Jobs: Entrepreneur, salesman, politicians, business analyst, etc
Humans have a unique ability to synthesize prior ideas into new ones. Our wide range of past experience and the way our mind can capture those ideas allow us to create novelty. There are software algos which can write art or music, but humans have the unique ability to communicate a poignant message which goes beyond a surface level understanding. Software will likely learn how to mimic these type of behaviors but is a long way from grasping them or creating truly novel and insightful messages or innovations.
Machines use algorithms and models to solve very domain specific problems. Machine learning is simply solving for unknowns in a long equation. Therefore, it is currently impossible for machines to solve problems vague, ill-defined or those which span across multiple subjects. For example, brainstorming why a new product didn’t launch very well in a new market or why a car broke down or how to modify the design of a washing machine to keep the motor from failing at 1000 hours.
Jobs: mechanic, engineer, financial analyst, etc
Fine motor movements
The human body is truly a masterpiece capable of a wide variety of tasks which are often taken for granted. The versatility of hands to type, adjust small screws, fix plumbing or tie wires together, make for a difficult challenge for any robot. The most advanced still have a long way to go and most can only handle course movements unless manually taught for a very specific task. A universal hand and system to identify, pick up and manipulate any object is still far in the future.
Jobs: construction specialities: plumbers, technicians, electricians, etc
Software lacks the ability to truly understand the meaning behind conversations or documents. Most programs use cleverly defined natural language processing tricks to match keywords or terms. The most advanced systems have the ability to learn rules and methods to answer complex questions which require first order logic such as the classic elementary school math word problems. For example, if Sally’s class has 10 toys and Sue’s class has 30 toys and they each have 15 students per class, how many toys are there per student? Although this is a very impressive accomplishment, these systems don’t have any intuitive understanding what the difference is between a toy, person, classroom or person.
Software doesn’t have any compassion for other people and can’t relate as to what a human’s perspective is in a given situation. There’s no intuition about what is painful, good, bad or anything in between. Decisions are made to optimize a very specific objective. If the people who design the system fail to include the objectives correctly or more likely forgot some very important but not obvious one, then it could result it a very bad outcome.
There’s no algorithm to identify how to motivate people.

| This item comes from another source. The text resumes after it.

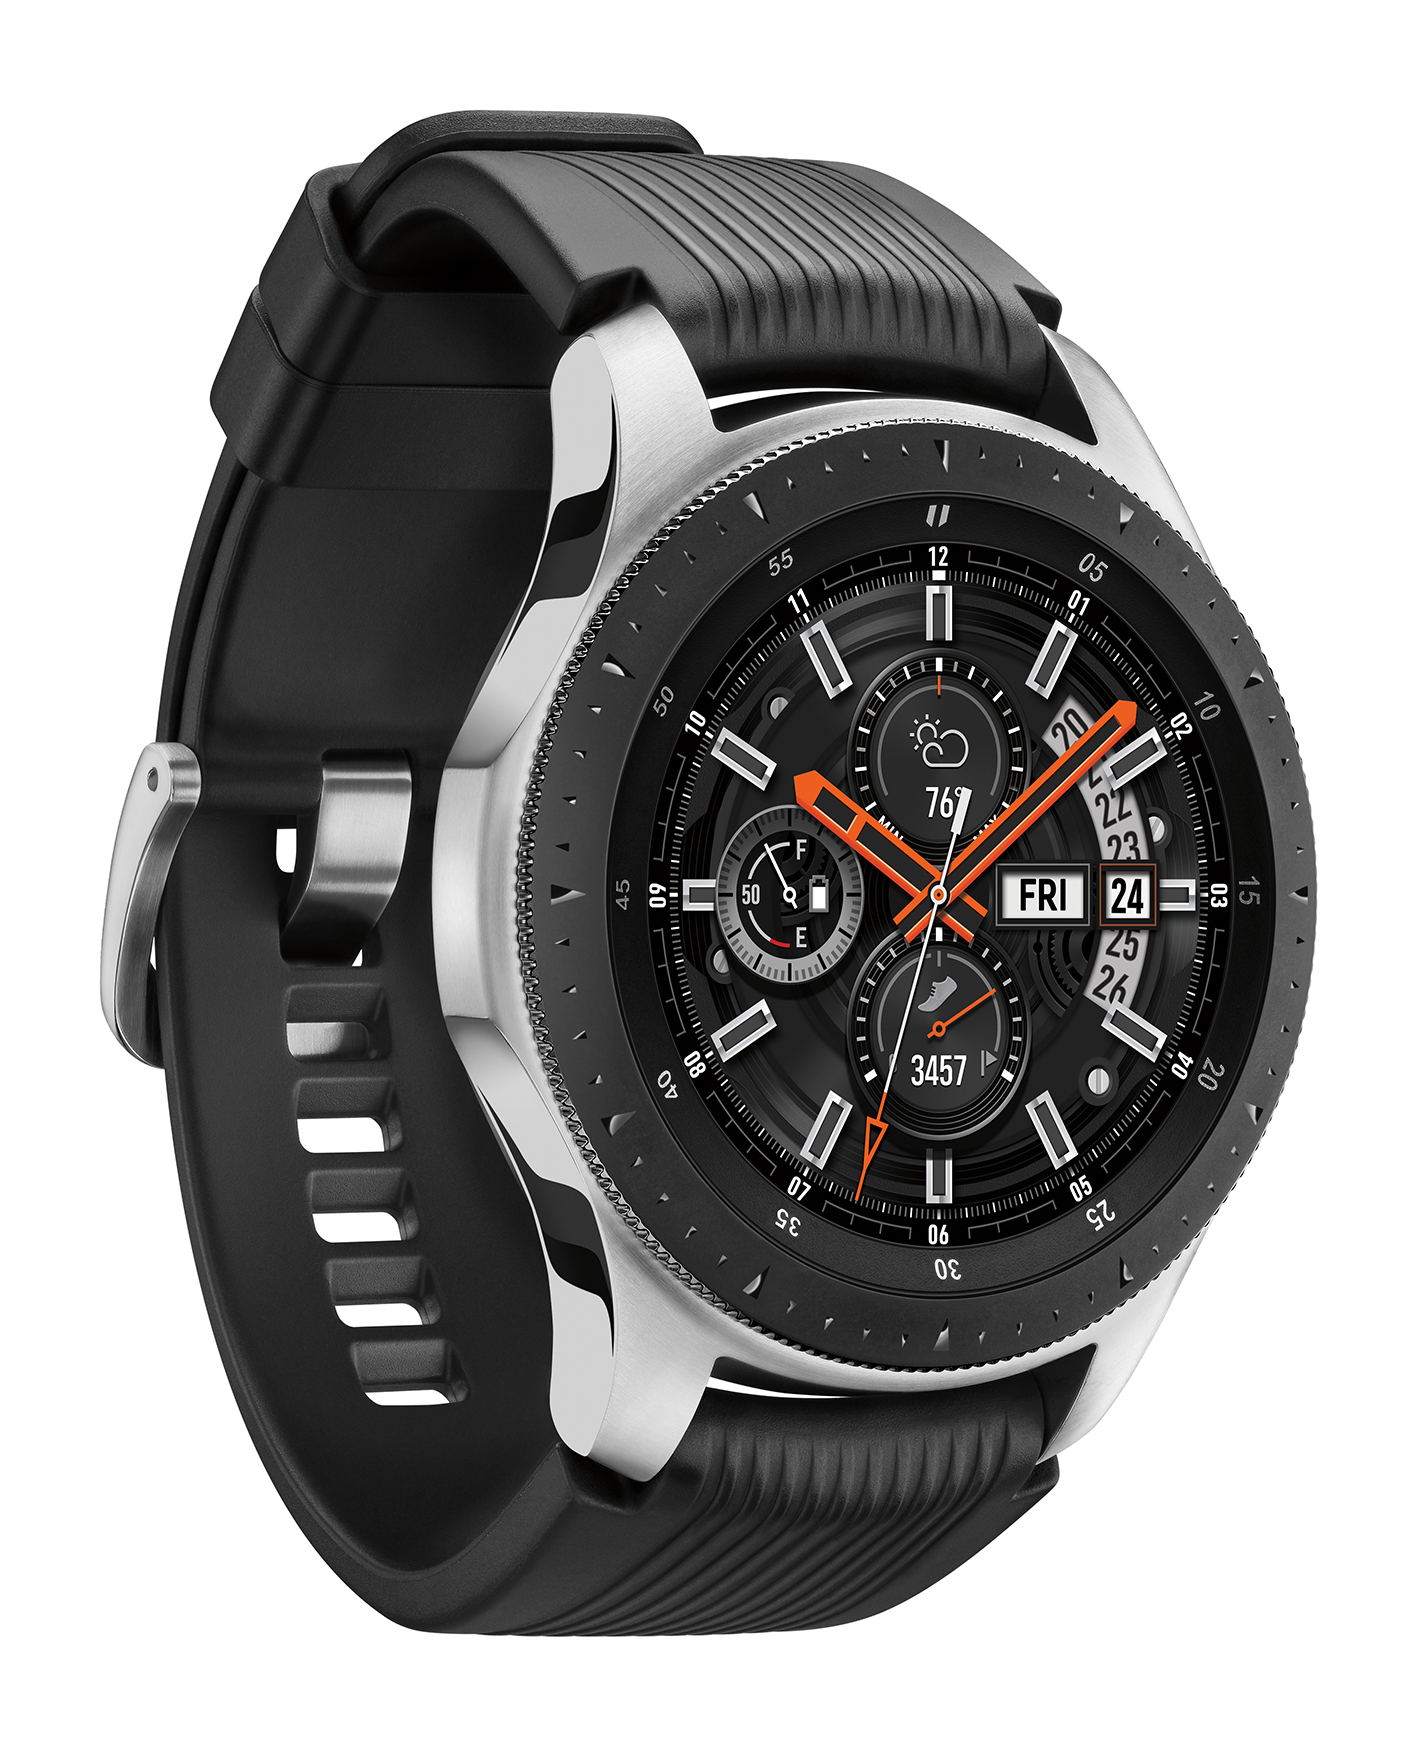 SAMSUNG Galaxy Watch - Bluetooth Smart Watch (46mm) - Silver - SM-R800NZSAXAR - image 3 of 15

Therefore, leaders, managers and motivational speakers will all be in business for a long time to come.
Software can’t communicate at a 5 year old level yet and therefore doesn’t come close to sharing experiences or feeling to build rapport or true friendship. Therefore, salespeople, account managers and your friendly Starbucks cashier will likely have jobs for a long time to come. Software systems can mimic human conversation which could trick someone into feeling a connection, but until AI is autonomous and a self contained entity which experiences the world, it is unlikely to be able to truly connect with people.
Several other skills which software is not good at are: combining disparate sources of information to reach a conclusion, inductive reasoning, and dynamic tasks.
In short, AI systems are all around us and can perform a myriad of super human tasks, however there is no replacement for human creativity, abstract thinking or human connection. It would pay dividends to focus on building skills within these areas rather than memorizing facts, or routine manual jobs. The more repetitive it is the easier it will be to automate.